_RECORDS FOR THE EXERCISE:_
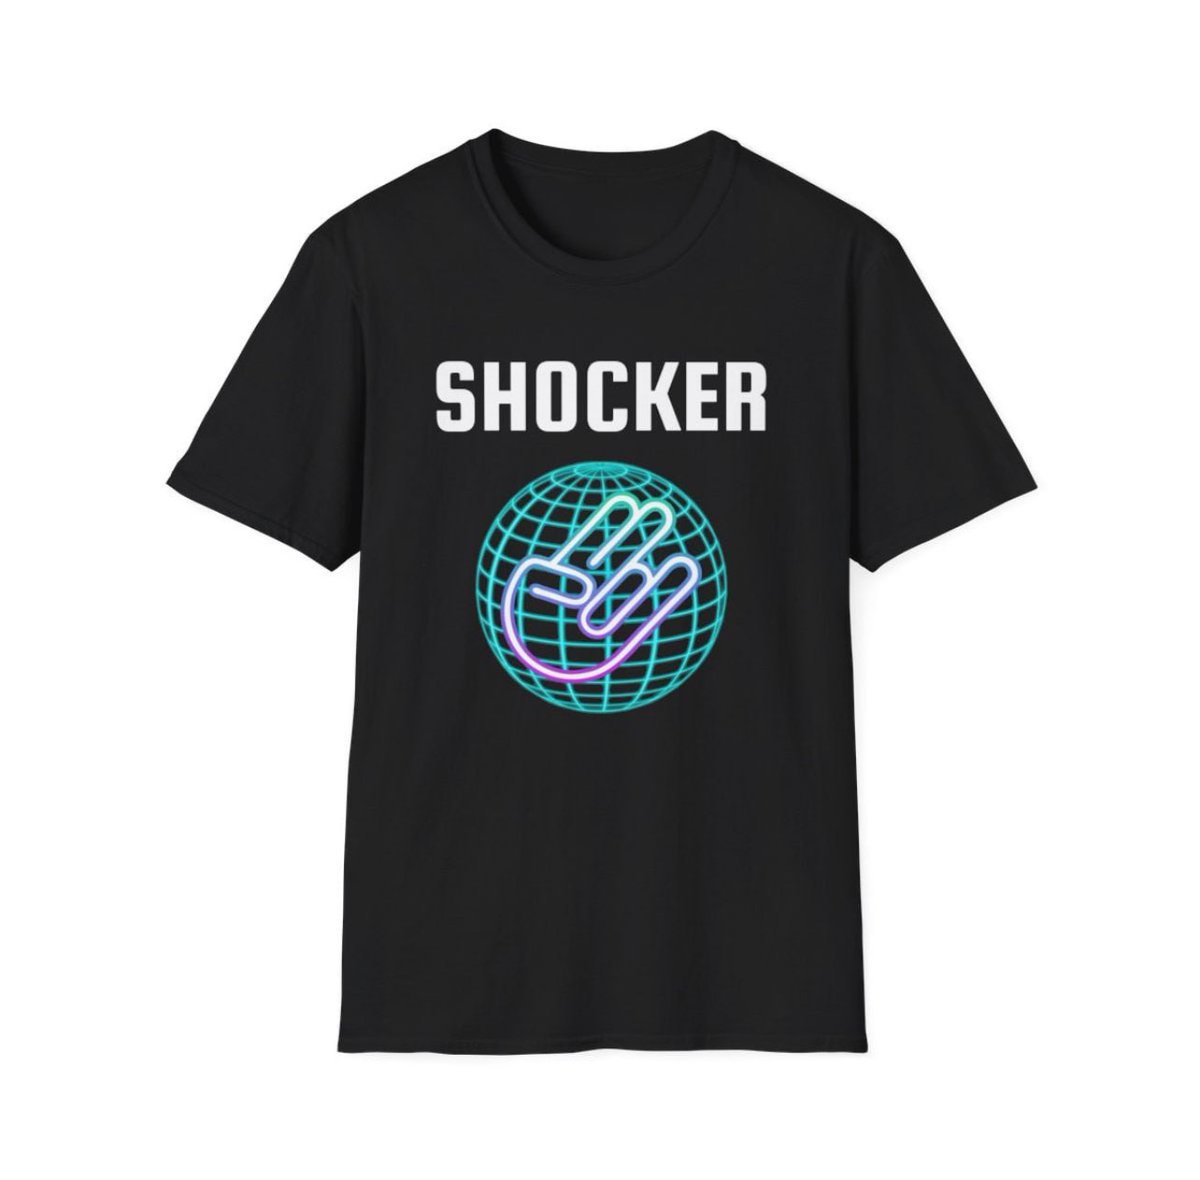 Shocker Merch now available at shocker.printify.me/products

Grab some while supplies last! 

t.me/+MNGNnQ49Ti0zM…

ShockerOnSol.com

x.com/shockeronsol

_WORK REQUIRED:_
From the records given above, reproduce all text exactly and exclude each picture.

_RESPONSE TO THIS EXERCISE:_
 Shocker Merch now available at shocker.printify.me/products

Grab some while supplies last! 

t.me/+MNGNnQ49Ti0zM…

ShockerOnSol.com

x.com/shockeronsol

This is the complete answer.